Metherell describes the pain as that which one feels when one bangs one’s elbow—except it’s multiplied manyfold, as if someone had taken a pair of pliers and squeezed and crushed the nerves. The pain was absolutely unbearable and indescribable they had to invent a word for it—excruciating.” Excruciating means “out of the cross.”

After Jesus was nailed to the crossbeam, He was hoisted to the vertical stake. Thus suspended, spikes were driven through His feet (some say ankles based on archaeological findings). The feet or ankles would have been crushed, again, producing unimaginable pain. On the cross, the stress would have been on our Lord’s arms which were immediately stretched some six inches. His shoulders were thrown out of their sockets. 

Thus the psalmist writes in Psalm 22: “My bones are out of joint.”

Death on the cross is, Metherell notes, essentially an agonizingly slow death by a process called asphyxiation. Because of the pressure on the muscles and diaphragm, Jesus’ chest would have been locked in an inhaled position. In order to breath, He would have to push up with

His toes so the tension on the muscle could be relieved. As His breathing slows down, He would have gone into respiratory acidosis. Carbon dioxide in the blood dissolves into carbonic acid increasing the acidity of the blood. This leads to irregular heartbeats. It was, at this moment, Methedrell surmises, Jesus (about to go into cardiac arrest) called out, “Father, into Your hands I commit My spirit.”

No genuine Christian can read the gospel accounts of Jesus’ crucifixion and not choke up.

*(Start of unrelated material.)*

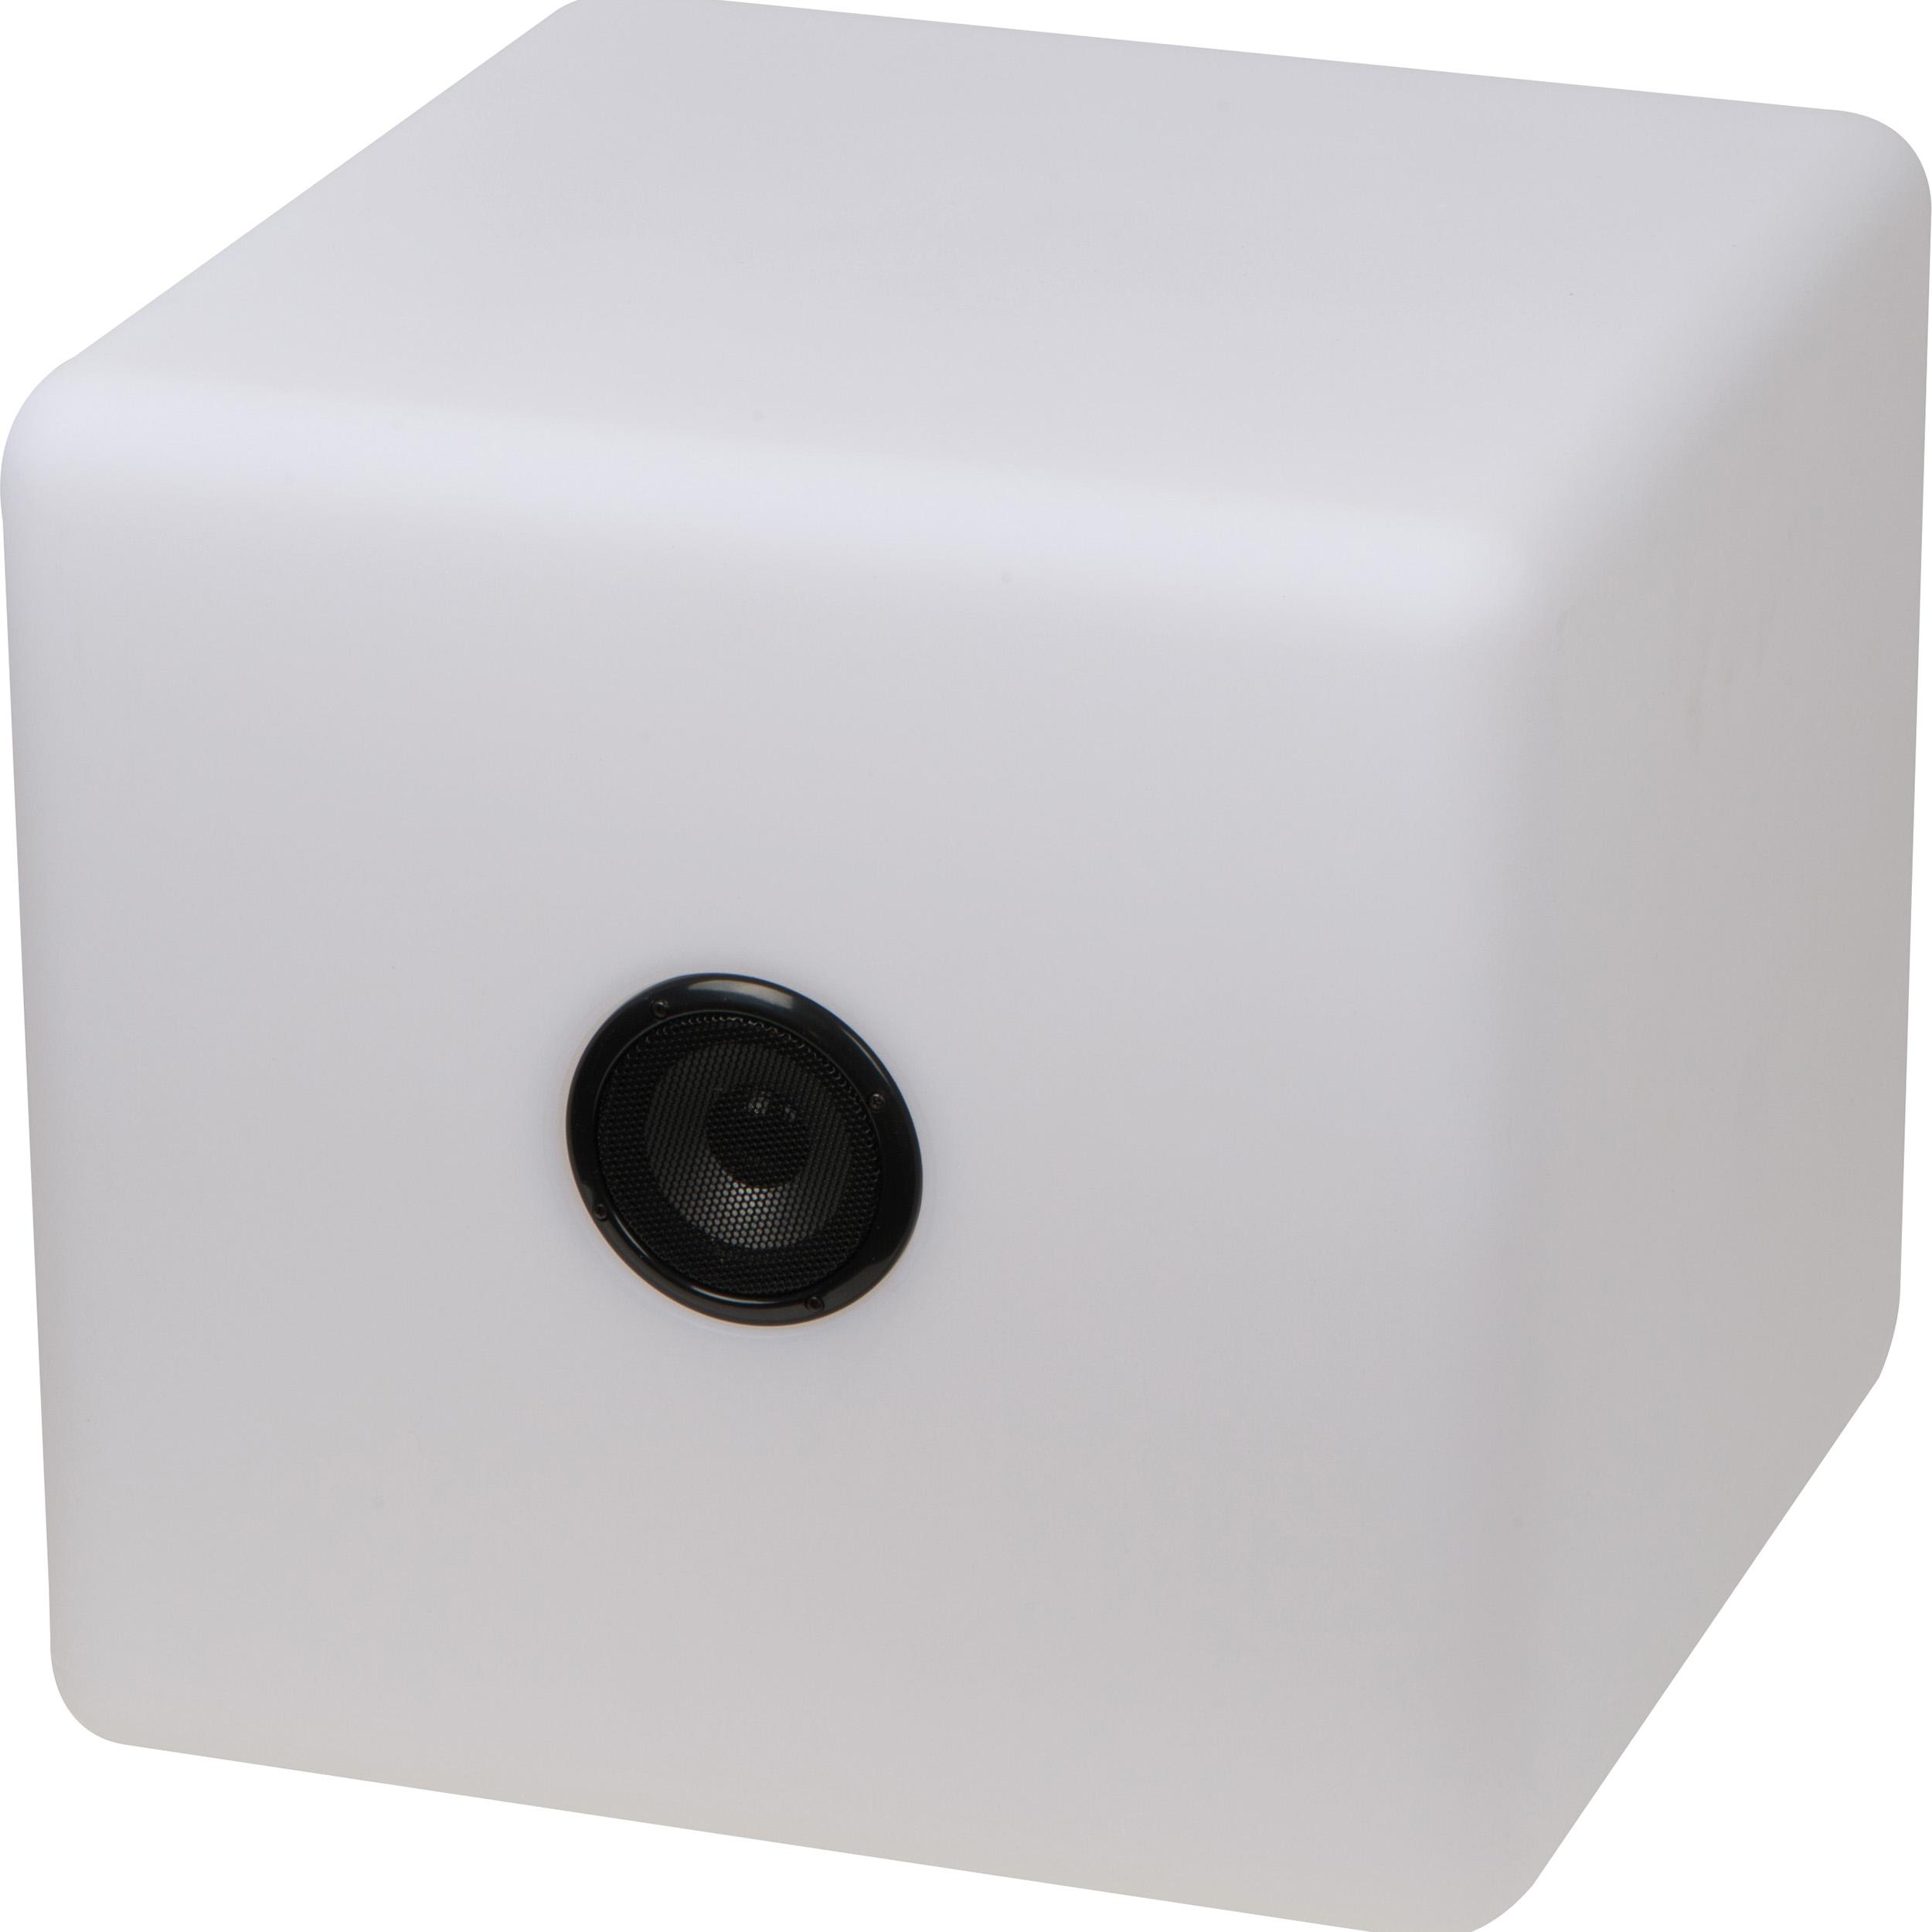 XXL Bluetooth Lautsprecher mit wechselnder LED-Beleuchtung, 2.200 mAh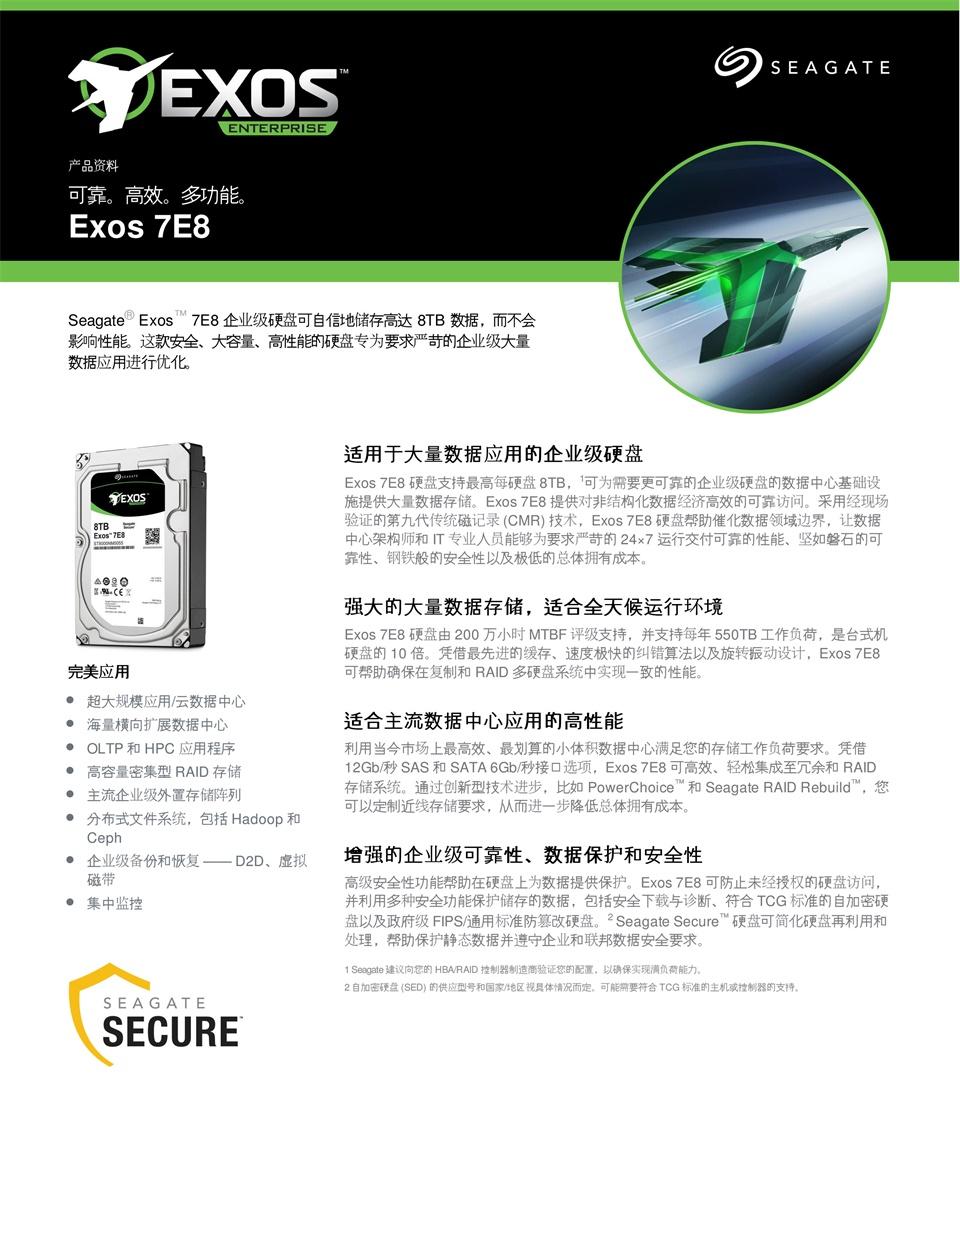 希捷 ST4000NM0025 系列 4TB 7200转 128M 512n SAS 企业级硬盘

As a Christian, I understand the outrage some felt after viewing the young Samoan artist’s painting. Any Jesus that departs from the gospel accounts isn’t Jesus at all. If he’s gay, bi-sexual, black, red, or brown with a tattoo, he is an impostor—a figment of a person’s imagination—in a nutshell, it’s a Jesus created in man’s image.

In fairness to the young artist, we who profess to be Christians, must also be outraged at ourselves! Perhaps we have not maligned and misrepresented our Lord in paintings. But we have done so with habitual sinning. Tragically, as the author of Hebrews writes: “It is impossible for those who have once been enlightened, who have tasted the heavenly gift, who have shared in the Holy Spirit, who have tasted the goodness of the word of God and the powers of the coming age and who have fallen away, to be brought back to repentance. To their loss they are crucifying the Son of God all over again and subjecting him to public disgrace.”

We see outrage in the Apostle Paul when he challenged certain individuals (Epicureans and Stoics) on Mars Hills (Acts 17). In this city of great learning and pleasure, surrounded by sculptured idols, Paul could not help himself. Doctor Luke said Paul was “provoked.” And he spoke out. Using the idolaters’ idol dedicated “to an unknown God”, he told his listeners about the true God. To Epicurean and Stoic philosophers alike, Paul’s teachings was strange. But his message was simple—REPENT. “Being then God’s offspring, we ought not to think that the divine being is like gold or silver or stone, an image formed by the art and imagination of man” (my emphasis).

The apostle concluded: “In the past God overlooked such ignorance, but now he commands all people everywhere to repent. For He has set a day when He will judge the world with justice by the Man He has appointed. He has given proof of this to everyone by raising Him from the dead” (my emphasis).

Why repent? Because, as Paul writes, God has set a day when Jesus will judge the world. He will judge all based on the things they did on earth. And as the writer of Hebrews reminds us: “It is a dreadful thing to fall into the hands of the living God.”

Turning the mirror on ourselves is a great reminder of the continual and personal repentance that is required of the believer. To our young artists (and writers), please don’t waste your God-given talent and gifts on “contextual” nonsense. Use them to glorify God and edify your viewers! God bless!